Joseph also went up from Galilee, from the city of Nazareth, to Judea, to the city of David, which is called Bethlehem, because he was of the house and family of David, in order to register along with Mary, who was engaged to him, and was with child.  While they were there, the days were completed for her to give birth.  And she gave birth to her firstborn son; and she wrapped Him in cloths, and laid Him in a manger, because there was no room for them in the inn.  (Luke 2:4-7)

Through the Incarnation, we are allowed a window into the heart of God revealed in the most potent and unique ways imaginable.  In the light of the countenance of Jesus’ face, all of reality is suddenly flipped on its head, and everything within and without us has no other choice but to be utterly and completely redefined.  Humanity longs for fame and power, and we will do almost anything to be a part of it, even if we can’t have it for ourselves.  We spend ourselves climbing the ladder of recognition and success, thinking that if we keep going, we will finally experience some sort of reward that will satisfy the ache and hunger that plagues us.  Yet, the irony is that the very thing we are longing for is found in the lowest places.
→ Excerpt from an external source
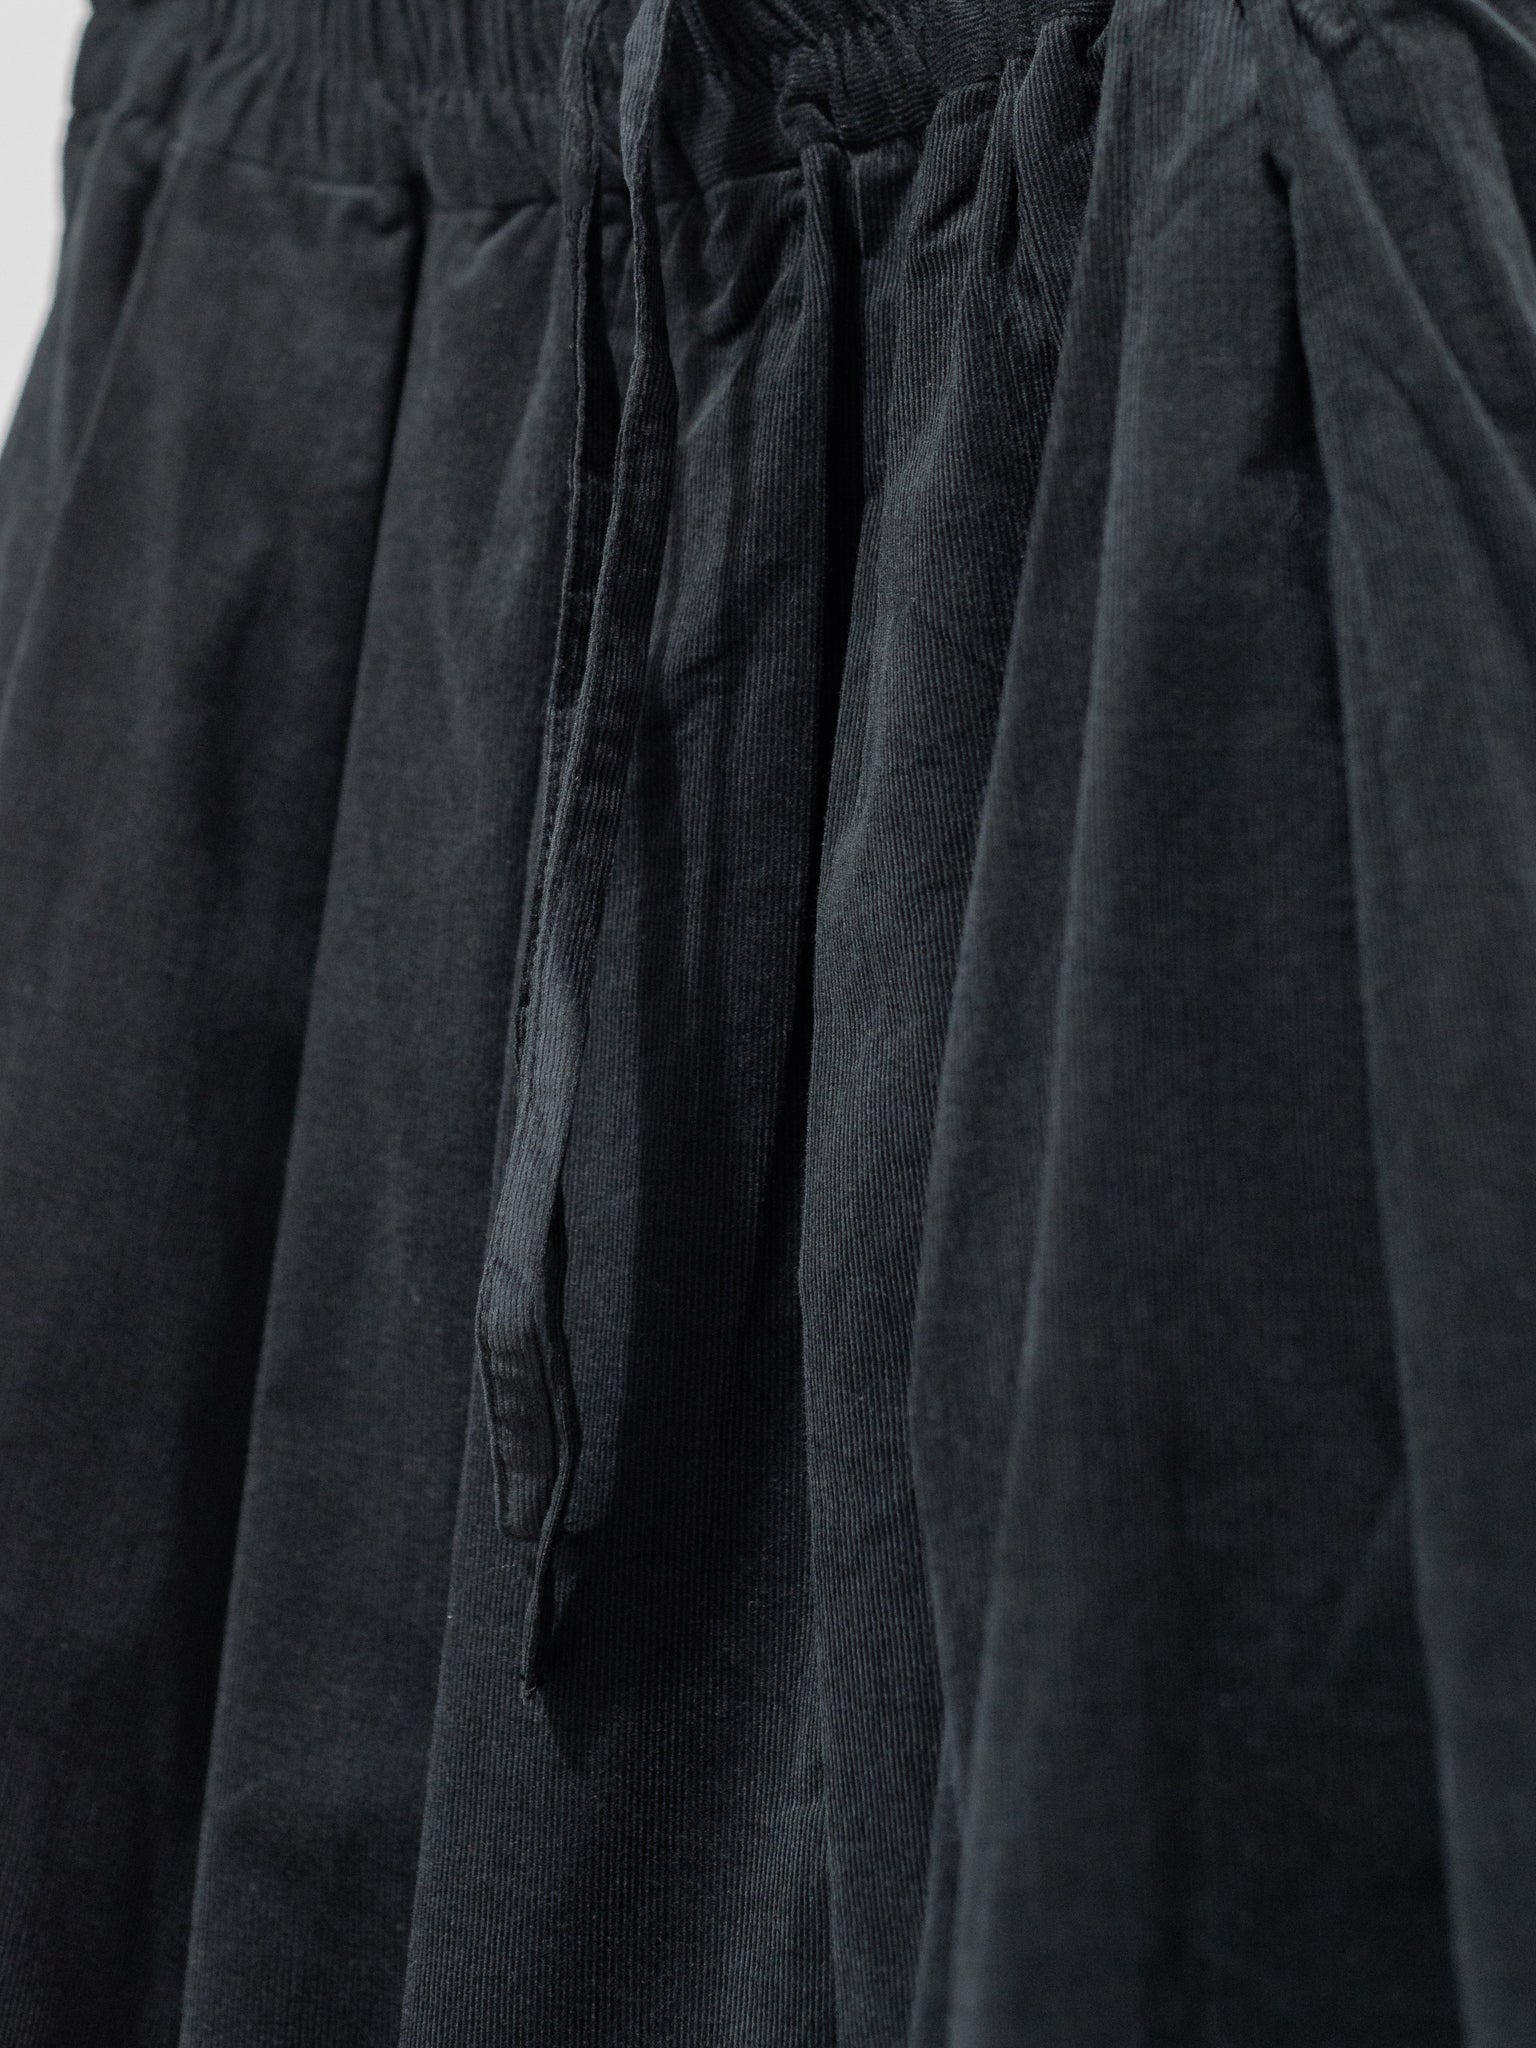 Namu Shop - ICHI Corduroy Balloon Skirt - Black

Meekness is best described as ‘strength restrained.’  In other words, a good example of meekness might be having all the power of the universe, yet choosing not to use it for personal gain or advantage (Colossians 1:15-20, Philippians 2:6-8).  The Incarnation of Jesus Christ is the very pinnacle of meekness.  Millions of dollars are spent each year by the press for the rights to take and publish photos of babies born to celebrity couples, and millions more by consumers to see those photos.  But God chose to come into the world as a baby born in a smelly stable to an unknown and somewhat scandalous couple in a tiny, unimportant town with only some shepherds and a few animals in line to see His face.  Even after the unthinkable events surrounding His birth, Jesus did not rest easy in a life of comfort, nor did He seek the praise and recognition that He deserved. Instead, though He had all the power of heaven at His tiny toddler fingertips, Jesus basically went into hiding for years with His earthly family just because of the evil intents in one little man’s heart (Matthew 2:13-15).  That singular story is the epitome of strength and power under restraint, revealing the meekness of Christ and the glory of Love Incarnate’s great patience and gentleness with humanity.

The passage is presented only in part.